His manipulation of the two hundred and eighty-seven signs induced him to take a much too favourable opinion of his own achievement, for we find him, in the course of the following year (May 1848), announcing that ‘the values of the great majority of the [Babylonian] characters are, in my judgment, already settled beyond the reach of criticism,’[783] a statement which we now know is, in fact ‘beyond the range of criticism.’ By that time he had, however, made the important discovery that Sennacherib and Esarhaddon were the builders of the two palaces at Nineveh. He would not, however, admit that Sargon was the Khorsabad king, a fact that had just been demonstrated with remarkable ingenuity by Longpérier.[784] Hincks suggested that the proper reading was Ni-Shar.
It is worthy of remark that the writings we have just reviewed of Hincks, in 1846-7, were brought to the notice of Continental students by Mohl, in his ‘Rapport’ to the Société Asiatique of 1848.
It is, in fact, in these essays that the first real progress in the decipherment of Babylonian was made. In them Hincks laid the foundation upon which all subsequent work was raised, a work to which he himself contributed no small share.

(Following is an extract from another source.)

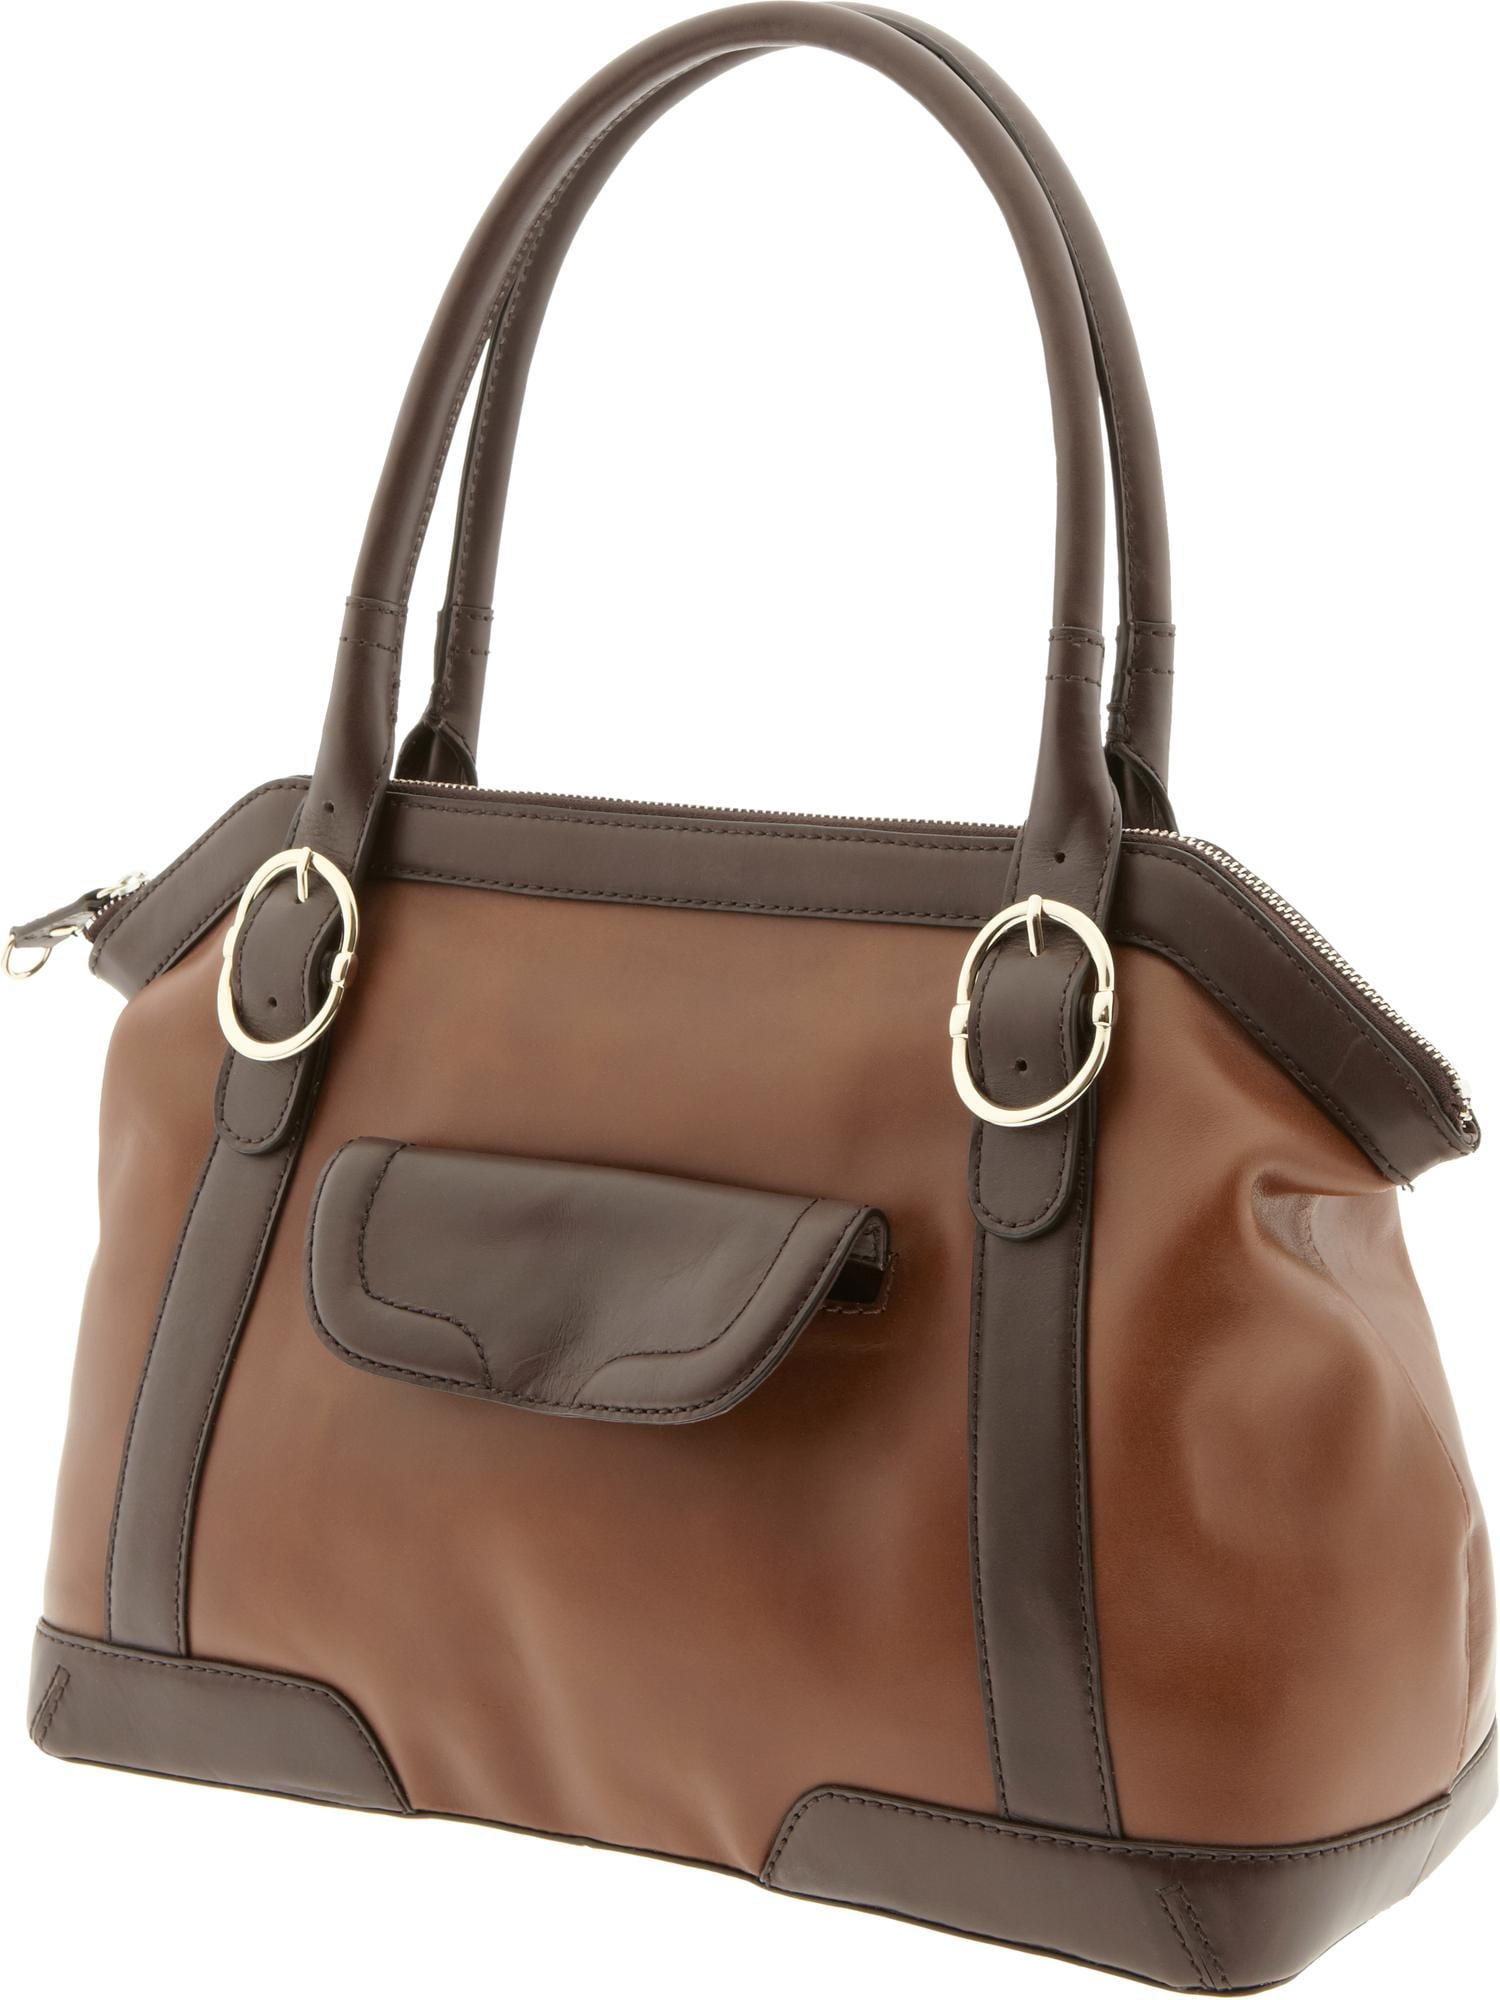 Abbey leather satchel

The year 1847 was especially rich in contributions to the study. It opened with the remarkable paper we have just reviewed; and during its course Rawlinson expounded his views in the ‘Journal of the Asiatic Society,’ Botta in the ‘Journal Asiatique,’ Longpérier in the ‘Revue Archéologique.’ Löwenstern added another Memoir of greater value than the first, and De Saulcy made his appearance in this field of inquiry by a paper communicated to the Académie des Inscriptions, and by two essays that have exposed him to much criticism.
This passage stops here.